Minutes later, around 8:40 p.m., Hamblin's husband returned from walking the dog to find her crying in the darkened house. She told him she had just been robbed.

He called 911, and detectives from the St. Louis Metropolitan Police Department's 9th District arrived and took Hamblin's statement. They told her not to cancel her phone service.

For the next few days, that's about all the police did, as sworn statements from Hamblin and detectives would later make clear. One detective entered numbers pulled from Hamblin's phone records into a police database, but that was it.

After all, as upsetting as the crime was to the Hamblins, it was nothing new to police. Every day people are robbed in St. Louis' neighborhoods, even the nice ones. The victims may be shattered, but the police department has different priorities.

Eight days later an even more vicious crime just three blocks from the Hamblins' condo would change everything.

On the afternoon of Saturday, August 18, Megan Boken walked to where she had parked her car on the corner of Maryland and Taylor avenues, in the heart of the Central West End. The 23-year-old former Saint Louis University volleyball player had traveled from Chicago to participate in her alma mater's annual alumni volleyball game later that day.

Boken got into her car, but before she could drive off a young black man approached the window and pointed a gun her. A witness would later describe him as around 5'8", thinly built with close-cropped hair.

Words were exchanged, and although the sequence of events are not precisely known, a struggle ensued between Boken and the armed man. He shot her twice, once in the head and once in the chest, and then hopped in a getaway car driven by a male accomplice. The two men sped from the scene in what surveillance video would later reveal to be a white Pontiac Sunfire, leaving the young woman dead in her car's driver's seat.

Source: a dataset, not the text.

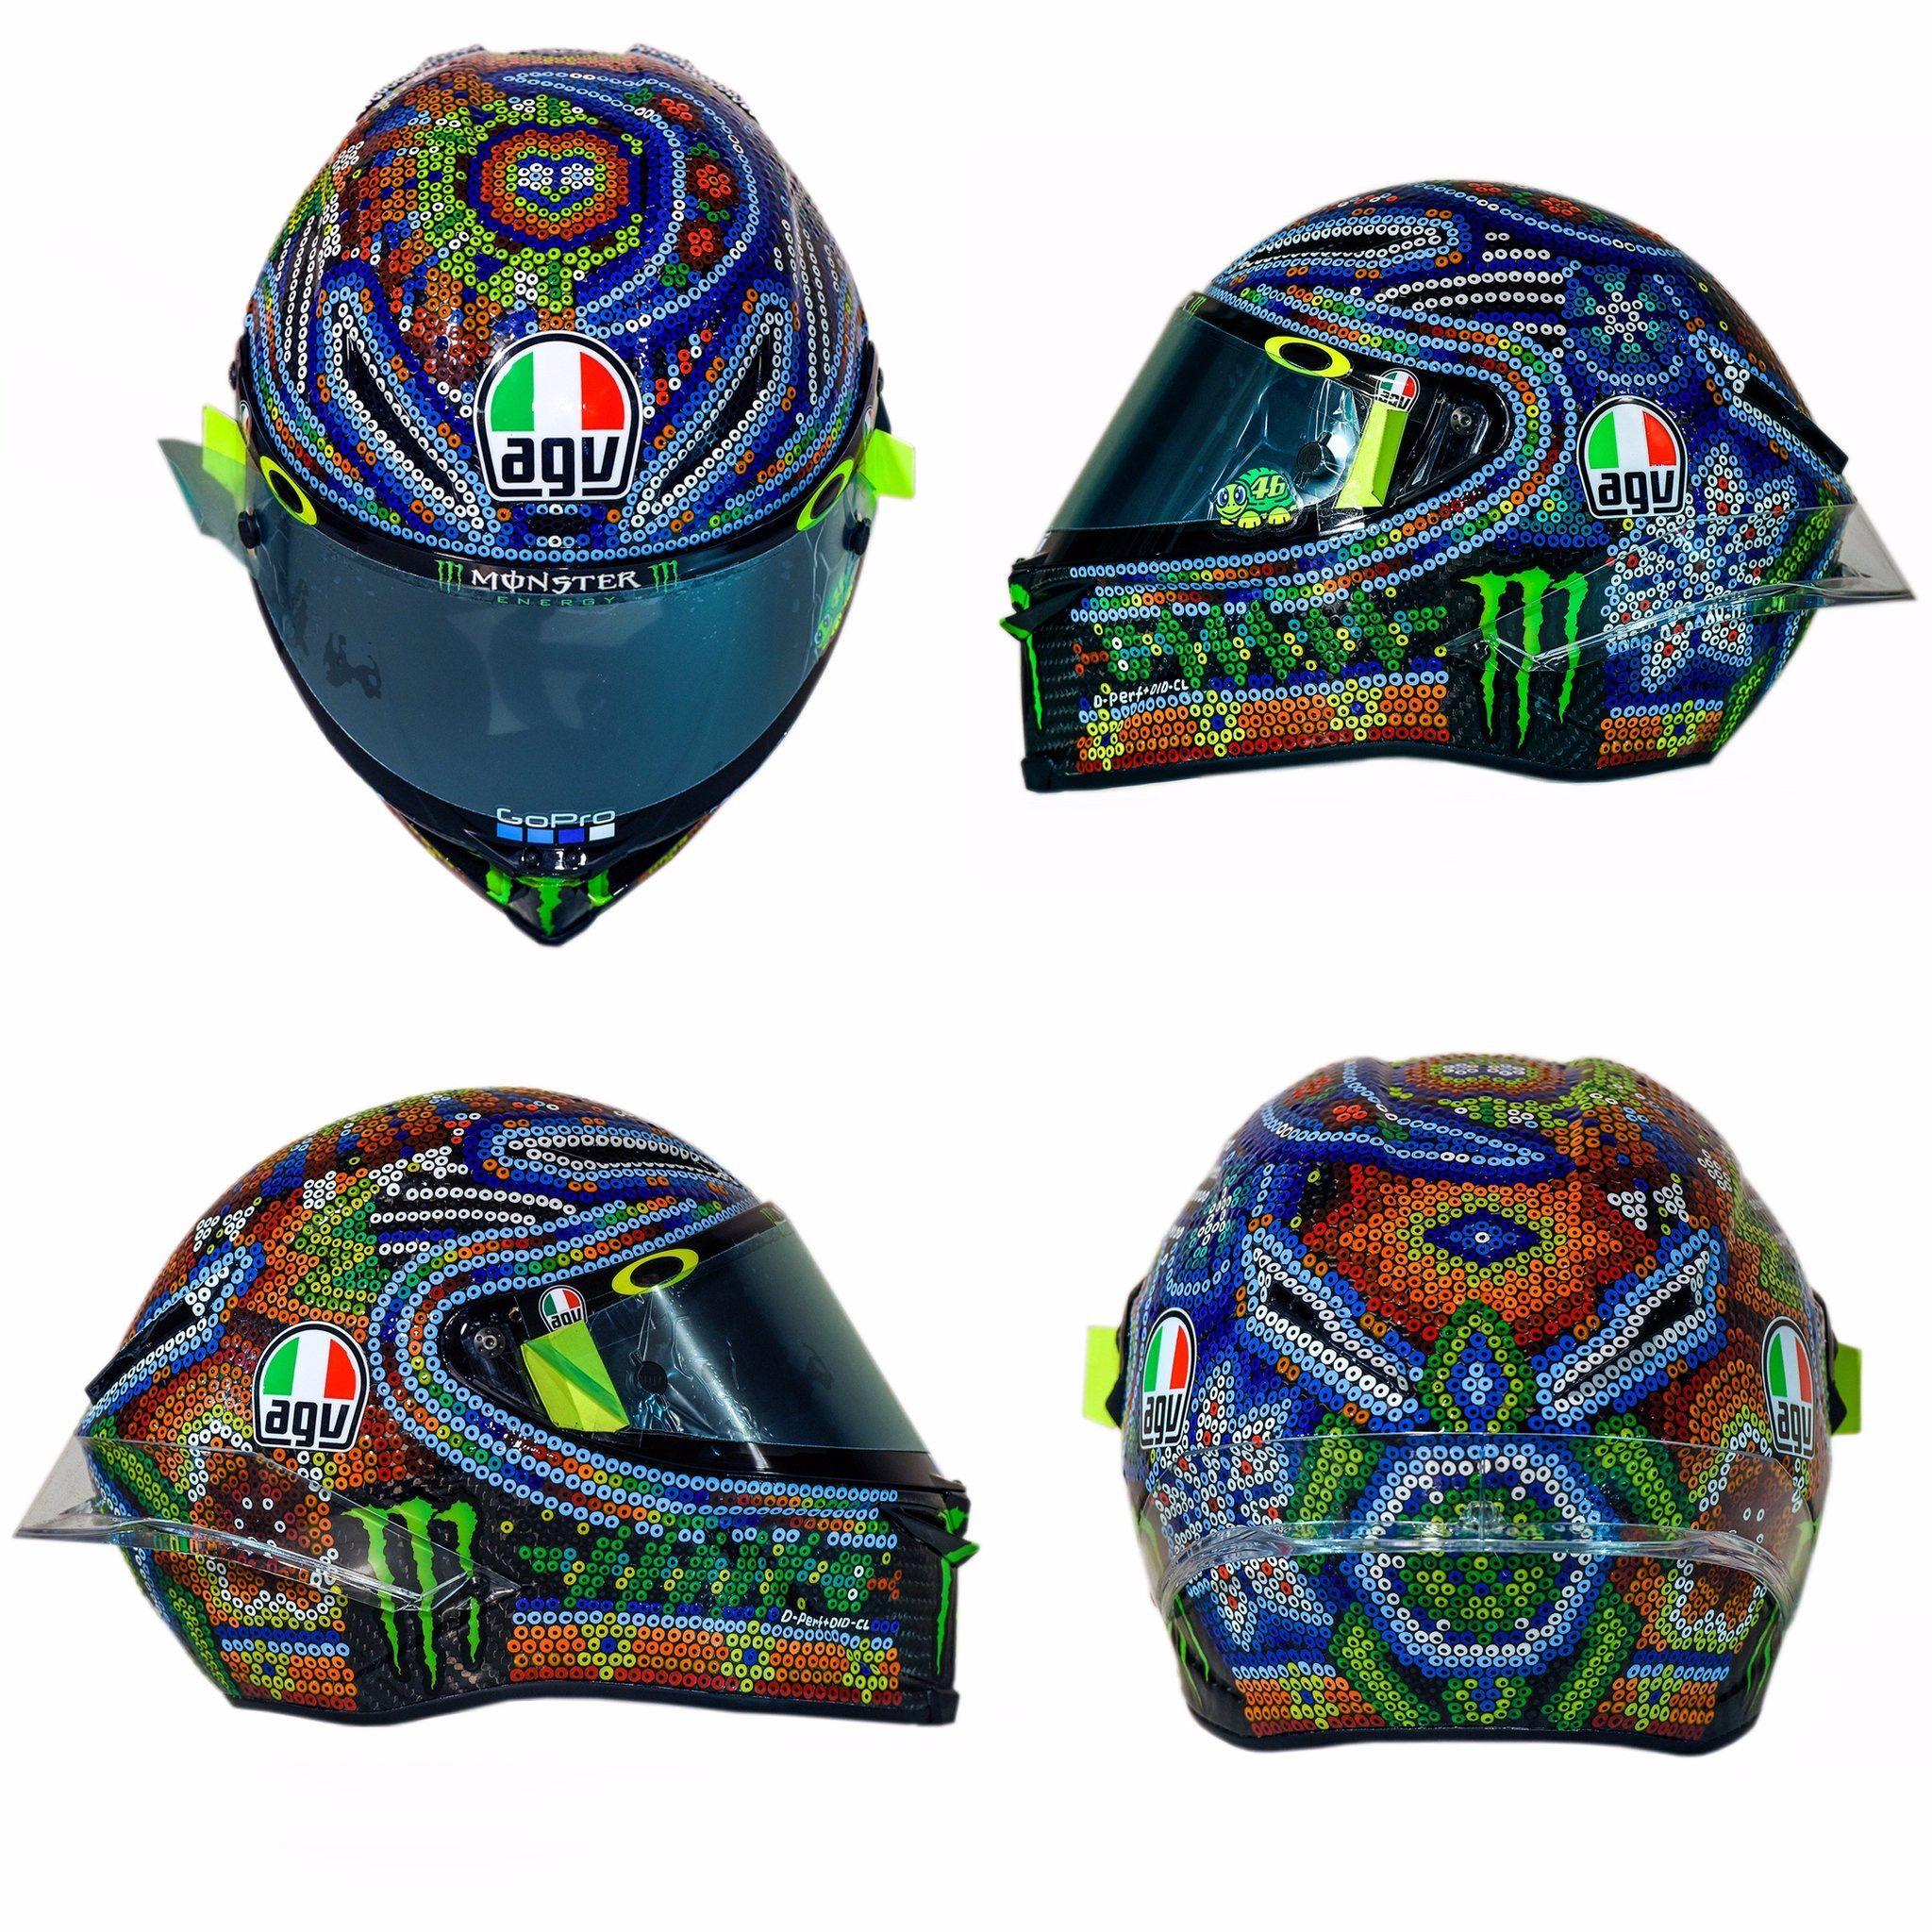 Vr46 winter test helmet for 2018 edition love it 💕 vr46 thegoat

Boken's murder — brutal, senseless and committed in broad daylight — caught the city by surprise. The Central West End is one of St. Louis' most cosmopolitan neighborhoods, with a mix of stately old mansions, nice apartments and high-end restaurants. It's been a desperately needed bright spot in a city that has grappled with the inexorable depopulation of its once-bustling urban corridors.

At a press conference that Monday, Police Chief Dan Isom announced a $10,000 reward from the neighborhood's special taxing district. Friends of Boken later doubled the reward.

"We have no concrete leads at this time," Isom said at the press conference. "We're really here to make a public appeal to ask for more information."

Isom wouldn't have to wait long. The department threw personnel and resources at the murder, and it ordered officers to comb through similar robberies in the Central West End in the hope of finding the killer.

Among those cases was the August 10 cell-phone robbery on North Boyle.

Two days after Boken's murder, detective Anthony Boettigheimer joined the North Boyle Avenue robbery investigation, and promptly began using call logs from Hamblin's stolen phone in conjunction with a police database to get a portrait of the man who stole it.

The database cross-referenced the numbers called and received from the stolen phone with all available police records, including those of witnesses and even crime victims. The result was a matrix of intertwined data points, and it was within this web that Boettigheimer searched for a suspect who matched the description of Boken's killer.

Boettigheimer found his suspect through a number Hamblin's cell phone had dialed after the robbery. The number belonged to a man named Lamont Carter. Carter was linked to an address in St. Louis County, 5944 Plymouth Avenue. And that address was linked to an unsolved drive-by shooting in 2010.

Records on the shooting led to the name of a victim: a young man named Cornell McKay. He matched Hamblin's description of the suspect.

That same day, Boettigheimer contacted Hamblin, who would later describe how the detective told her "we might have somebody" related to the robbery. Boettigheimer and his partner arrived at Hamblin's condo that evening and presented her with a photo lineup — six pictures set in an 8-by-12 frame for her to inspect.

"I immediately saw who it was," Hamblin recounted in a sworn statement. "And I pointed out Cornell McKay."